Speaking to this paper Senator Mullen said: “I am calling on the Government to commission a report or set up an All Party Oireachtas Committee to look at the presidential nomination system and to recommend possible changes to the process.”

He added: “While I wish President-Elect Catherine Connolly well, and am hopeful that she will make a great President, there is no doubt that she has emerged from a process that has lost credibility in the eyes of many voters.”

Senator Mullen argued that the high number of spoiled votes in Friday’s Presidential Election “shows that hundreds of thousands of democratically-minded people objected strongly to this year’s presidential nomination process and to the limited choice on offer.

“These people do care about our democracy and their concerns cannot be lightly dismissed,” he said.

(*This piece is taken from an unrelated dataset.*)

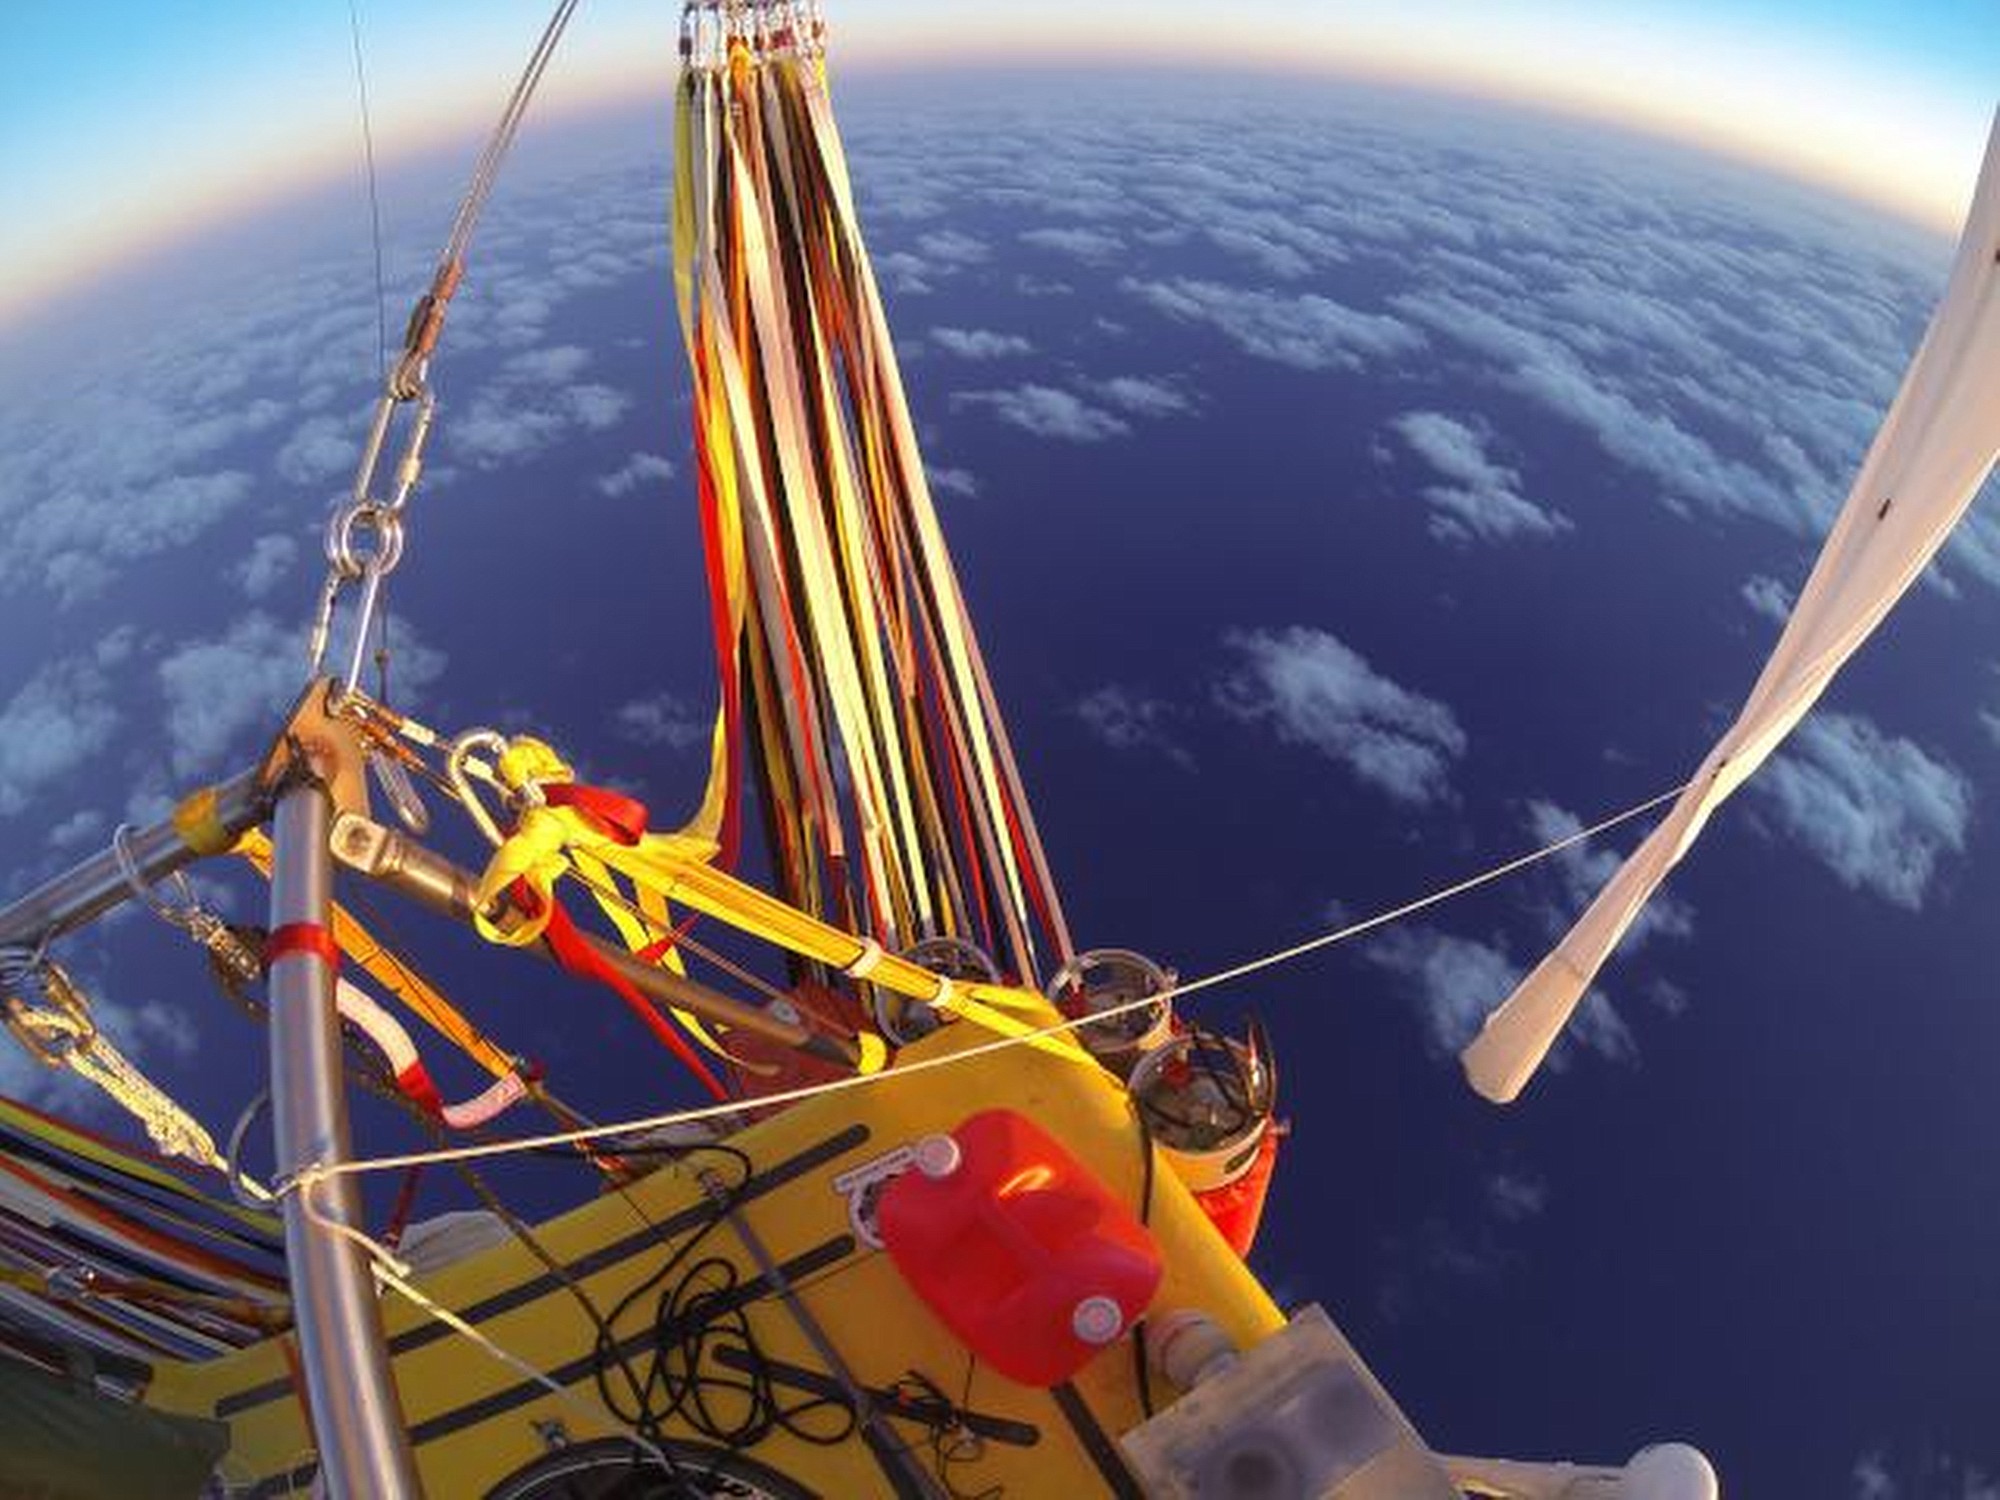 The Two Eagles Balloon Team -- Troy Bradley of New Mexico and Leonid Tiukhtyaev of Russia -- set off from Saga, Japan, on Jan. 25 in their quest to pilot their helium-filled balloon from Japan in a bid to reach North America and break two major records en route. They passed the duration record Friday.

He added that “Political parties must stop seeing the Presidency as a ‘prize to be won’ for their party but instead look to the people who vote for them, their concerns and expectations.” That meant he said a diversity of candidates. Nobody is saying politicians have to nominate someone whom they do not believe should be president he added “But it does mean that political parties should consider more than one candidate where their Oireachtas numbers allow them to do so.”

He also said that councillors should  “value their prerogative of nominating candidates and push back against any pressure or groupthink from party headquarters.  Proposed reforms, such as that a nomination could come from 40 or 50 councillors across a given number of Councils, should also be considered. But the support of the Government of the day would be needed for this.”